I noticed that as I changed the structure. My player acts all weird now. Ill upload everything I got. The player will continuously fall through the floor, appearing at the top again, and the blocks will "invisibly" move to the left 16 pixels. If I go to far right, ill end up at the left again. If I make a "kill" coordinate, and the player reaches their, instead of the process being killed, it just hangs there. Play the game and you will see what I mean.
EDIT:
I noticed when in structure if playerx becomes int instead of byte i dont jump around left and right. But still I have problem with kill coordinate.
EDIT #2:
Derp moment, forgot I split the player into two process lol.
A byte cannot be a negative value. It is a so called "unsigned" data type, just like the WORD type. A byte ranges from 0-255, and a word from 0-65535). When you use a counter with negative value's it will freak. If you want counters with only 8 bits, you can use signed bytes (-128 to +127). That may be the cause of the strange behaviour.
yeah lol. is a byte good for values as long as their under 255 and are not negative?
that's right. But it saves memory. A byte is only 8 bits (hench 0-255). A word and short int are 2 bytes (16 bits) in size, and a standard integer is 4 bytes (32 bits).
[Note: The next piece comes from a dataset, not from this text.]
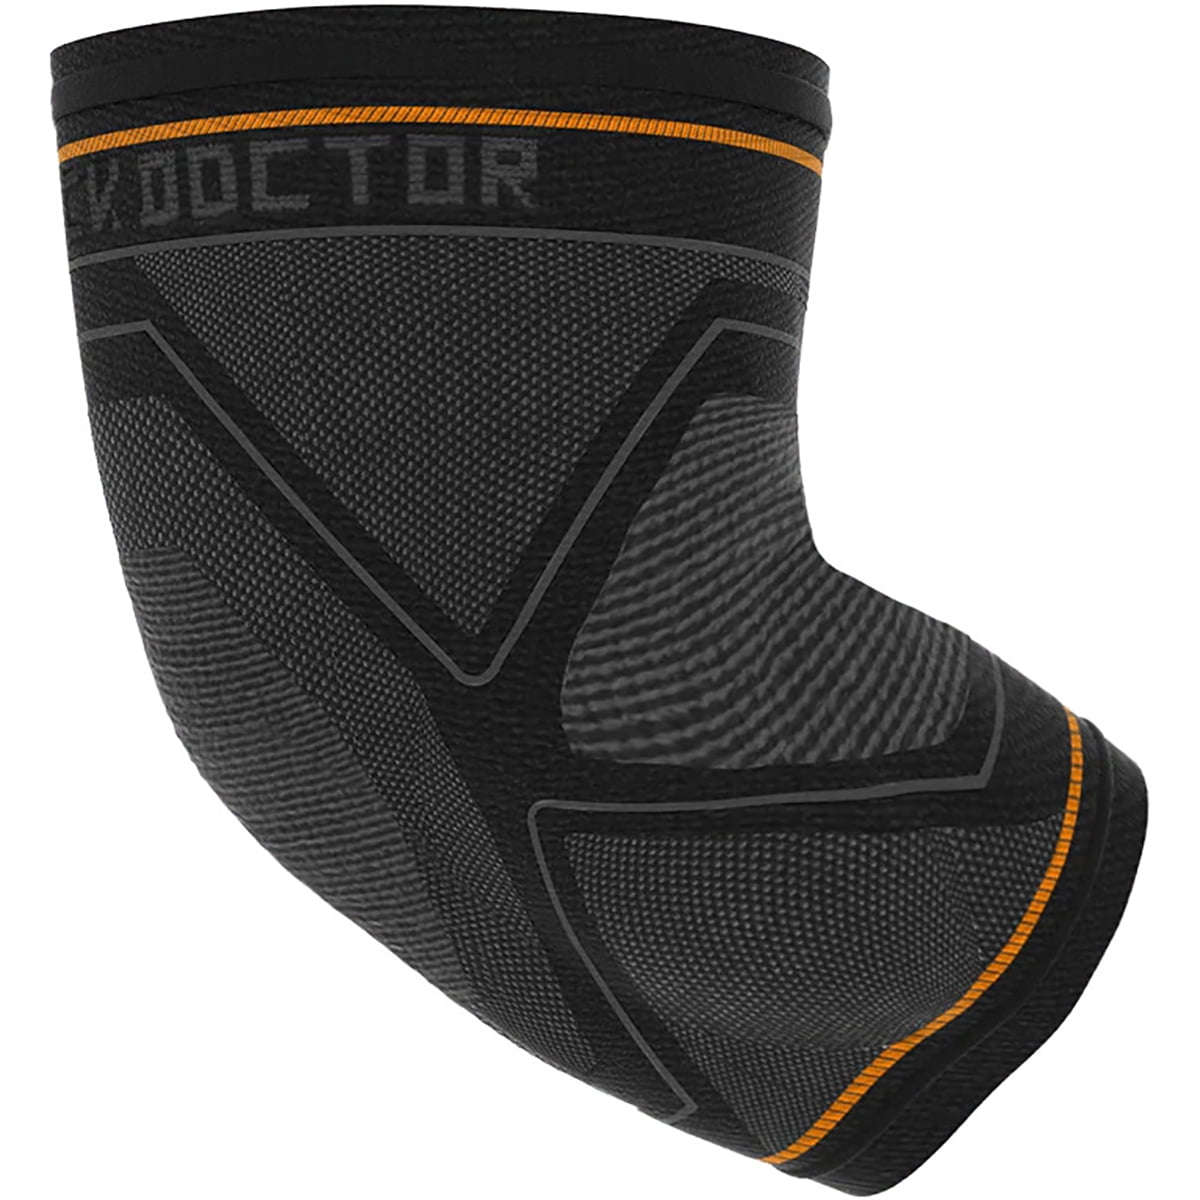 Details about   EVO SHIELD BLACK TRACER COMPRESSION SLEEVE SIZE ADULT LARGE CLOSEOUTSALE $12.99

If you want negative numbers and conserve memory you can use the "signed" byte, wich ranges from -128 to +127. In general when you go beyond the range of a datatype you get an overflow. http://en.wikipedia.org/wiki/Arithmetic_overflow (http://en.wikipedia.org/wiki/Arithmetic_overflow) and http://en.wikipedia.org/wiki/Integer_overflow (http://en.wikipedia.org/wiki/Integer_overflow).
im using 16bit FPG's, if my game uses only FPG's, should I make them 8bit and change the game to 8bit?
No, no, no! That has nothing to do with data types in this case. In fact you can use 8 bit and 16 bit fpgs in 32 bit mode too.
oh lol. well at the moment everything is working good so far. I got ladders and "monkey bars" to work.
so:
int for variablers over 255 and byte for every other variable?
Quote from: DoctorN on March 13, 2012, 05:42:17 PM
oh lol. well at the moment everything is working good so far. I got ladders and "monkey bars" to work.
so:
int for variablers over 255 and byte for every other variable?
Yeah pretty much. You just have to ask yourself the question: Will this counter ever have to deal with negative numbers, and can I reasonly expect that the numbers are going to be bigger then a certain range. I use the "byte" a lot for situations that I know that the value's will stay within this confined range.
But I have made these mistakes too, and still make them sometimes, just when I forget in my program logic that it's a byte but have forgotten about it and trying to test for something smaller then 0 :-[ (you know programming and beer are not always a sane combination). These are the moments where I want to pull out my hair! ;D Then when I realised the stupid mistake I have a good laugh. :) Any programmer goes through these things.